Recorded data>
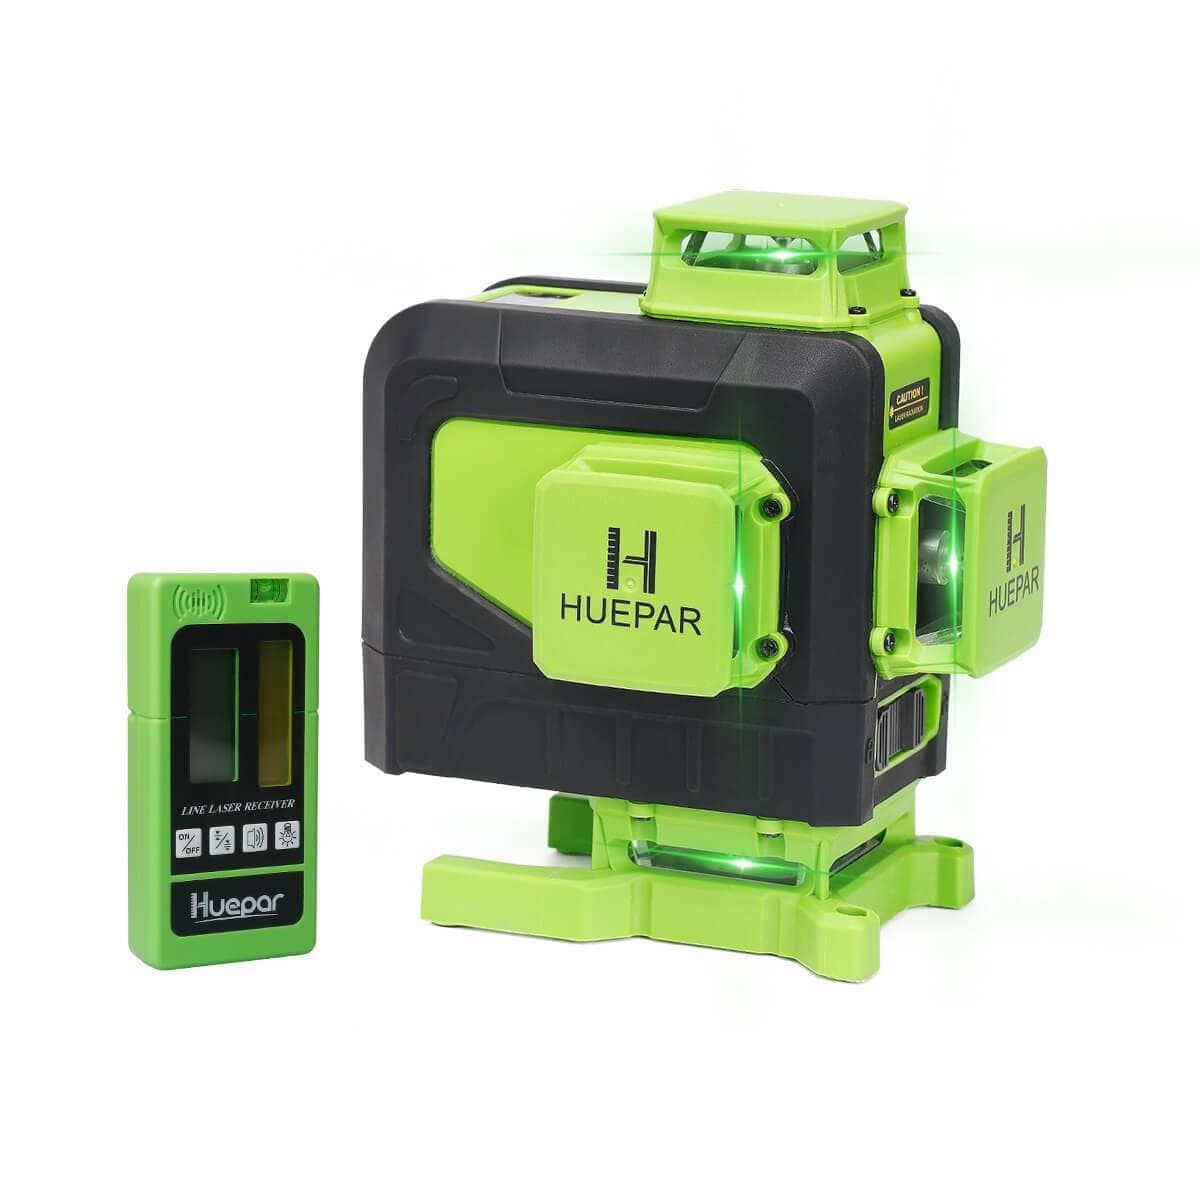 Huepar 904DG - 4x360° Green Cross Line Floor Laser Tool with Remote Control & magnetic Bracket - HUEPAR US
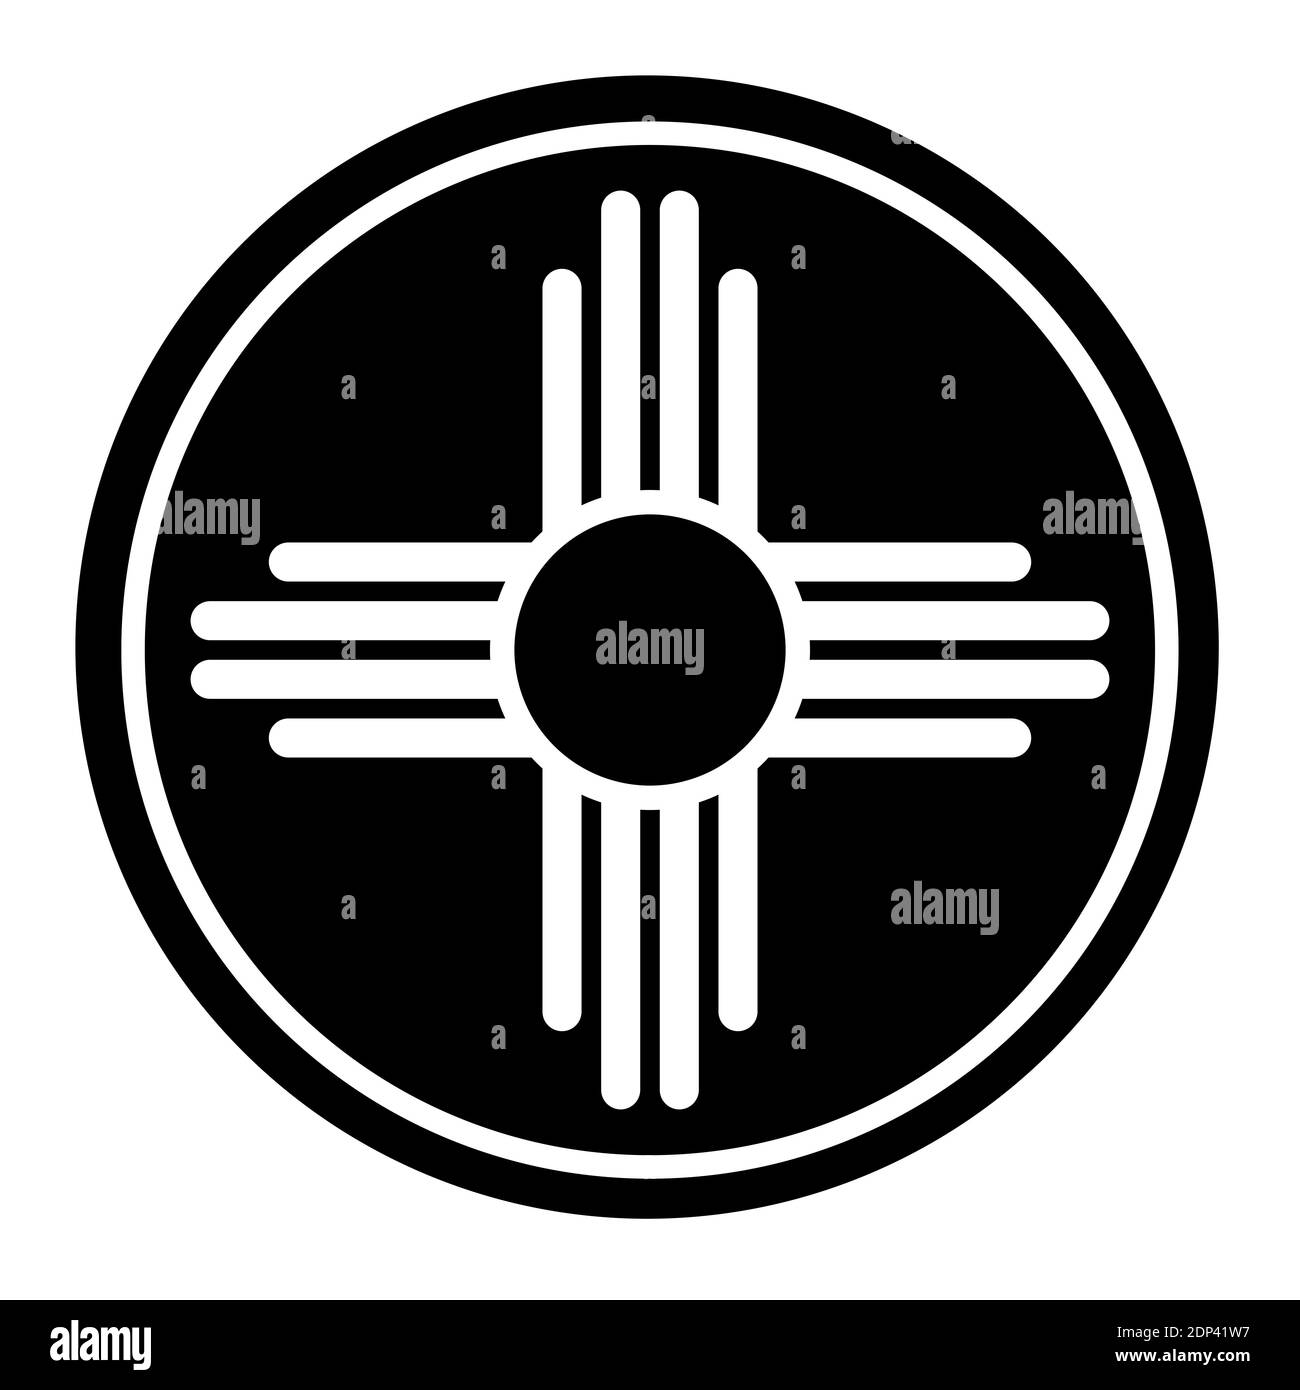 Native american sun symbol in a black circle Stock Photo
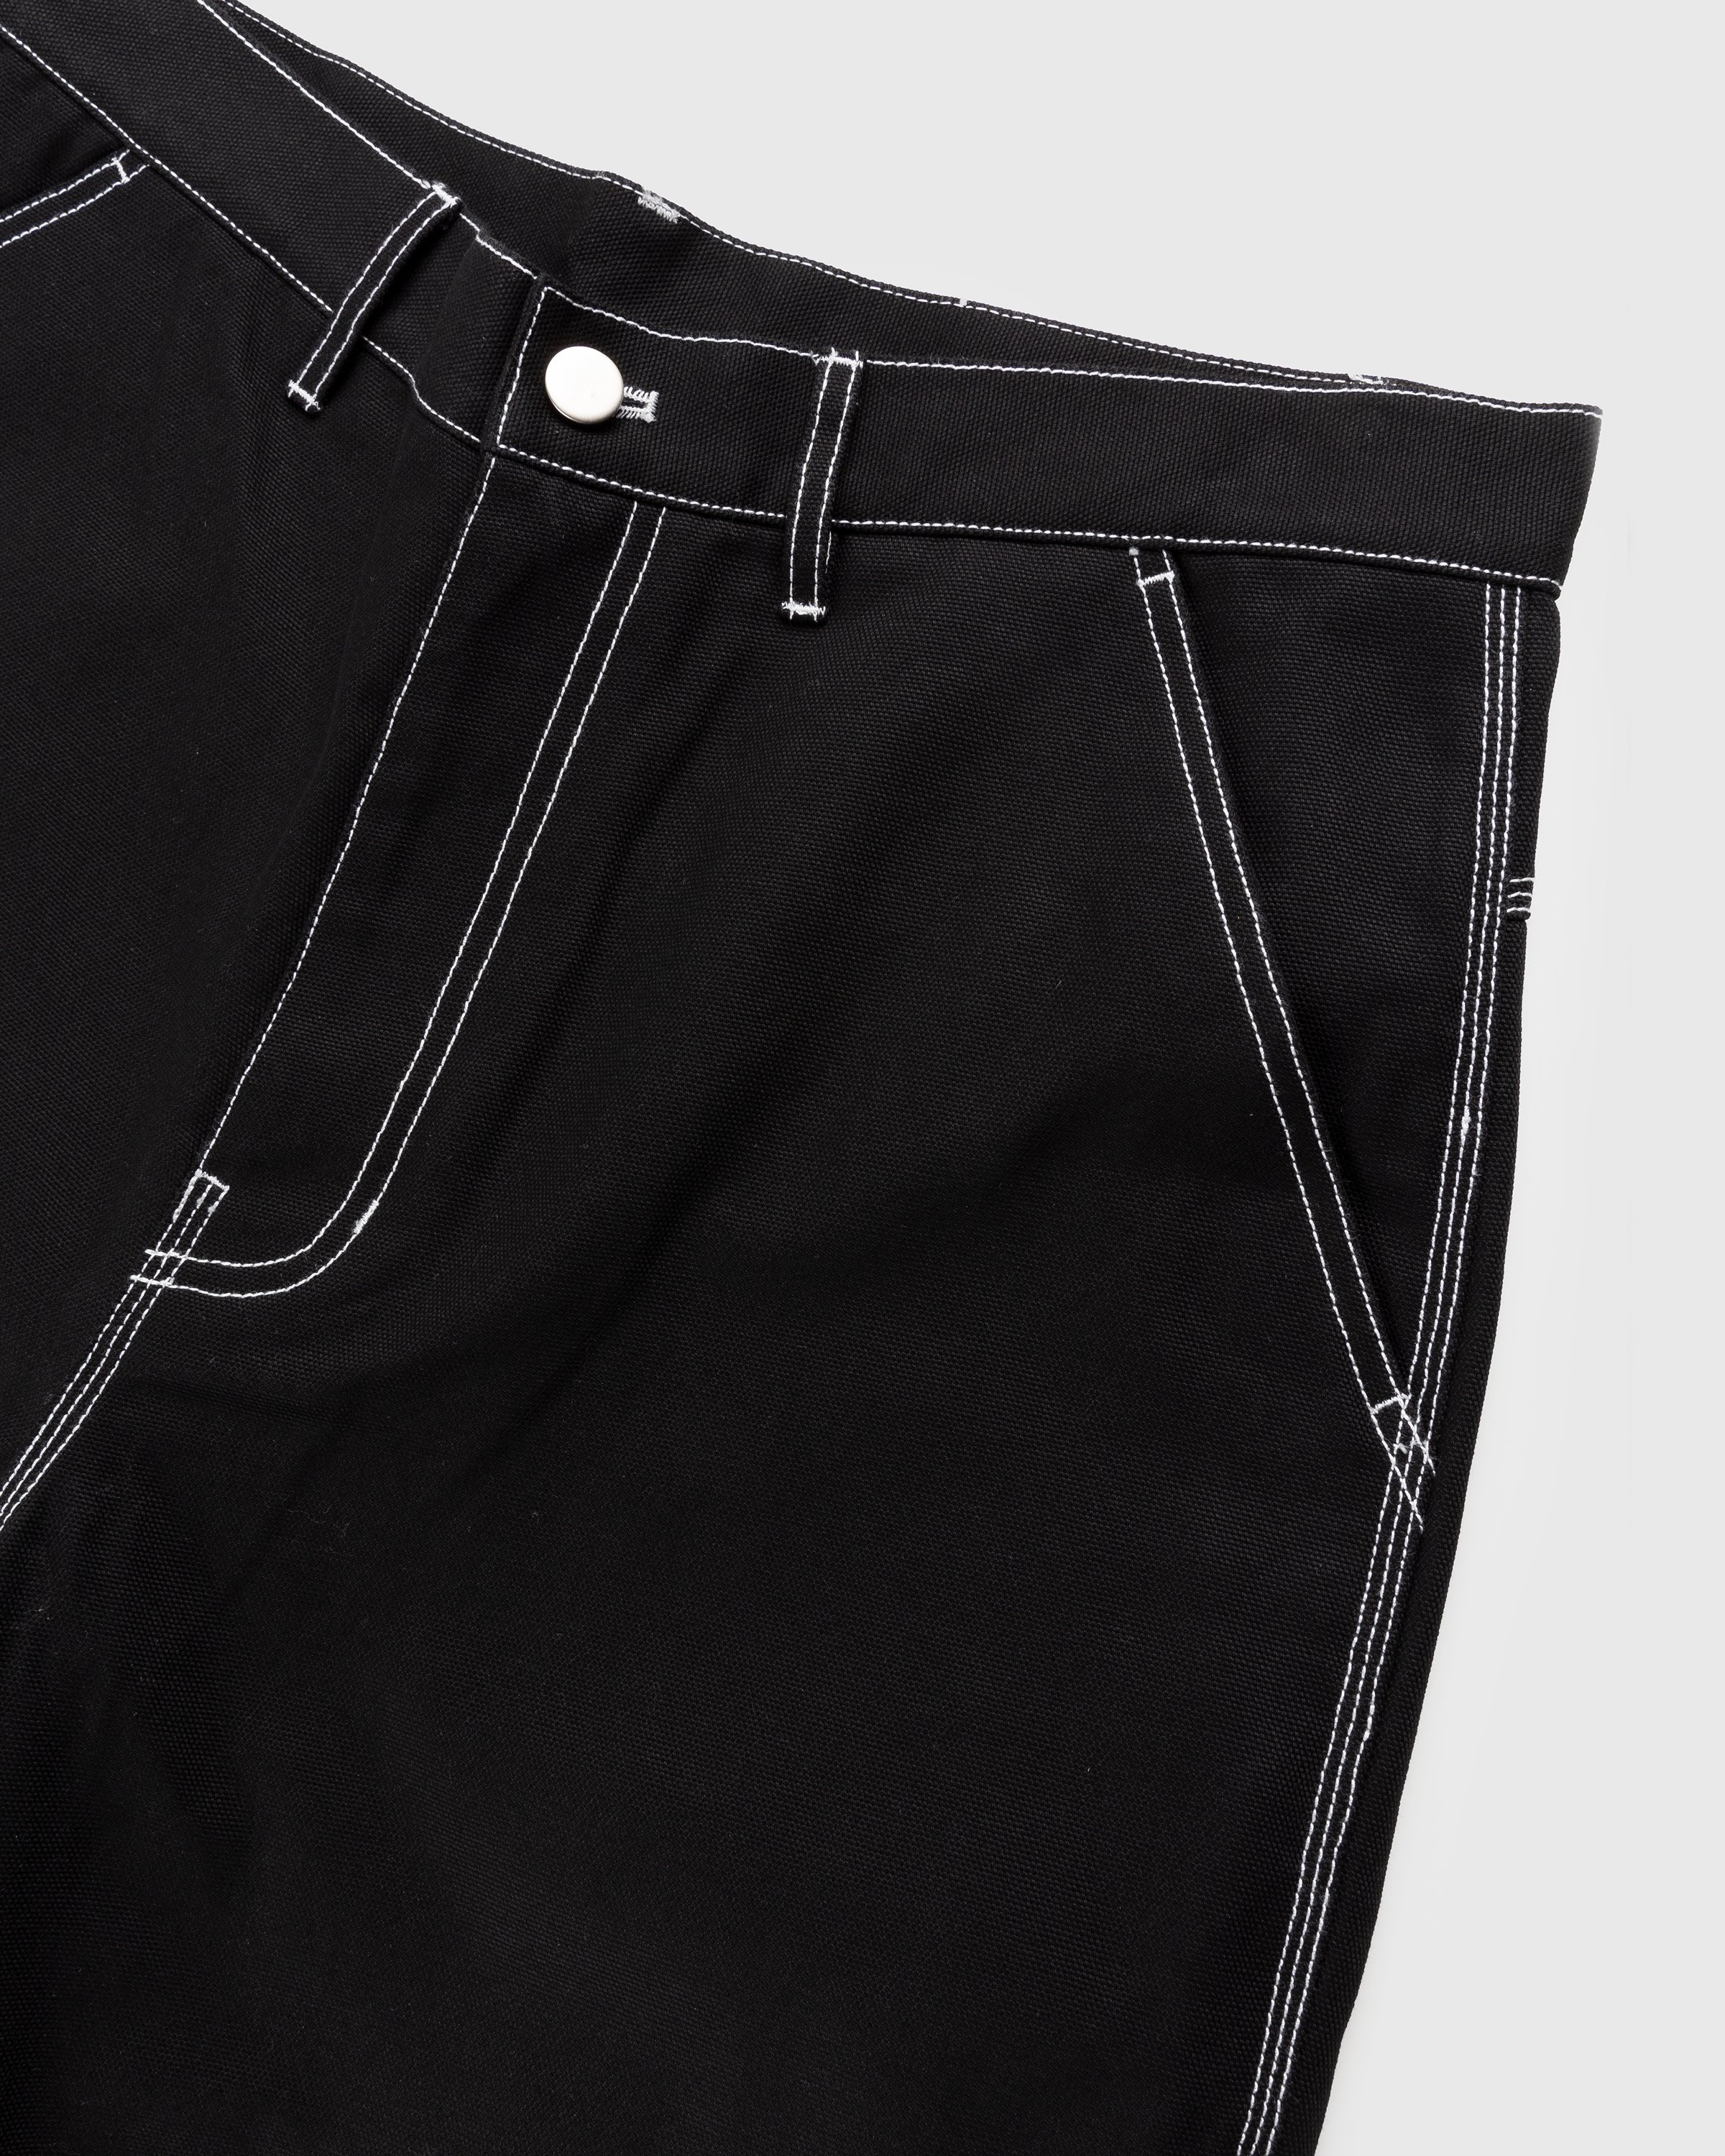 RUF x Highsnobiety – Cotton Work Pants Black - Work Pants - Black - Image 3

What you need to do> Every line above should be repeated exactly; pictures stay out of the copy.

Response to this exercise>
 Huepar 904DG - 4x360° Green Cross Line Floor Laser Tool with Remote Control & magnetic Bracket - HUEPAR US
 Native american sun symbol in a black circle Stock Photo
 RUF x Highsnobiety – Cotton Work Pants Black - Work Pants - Black - Image 3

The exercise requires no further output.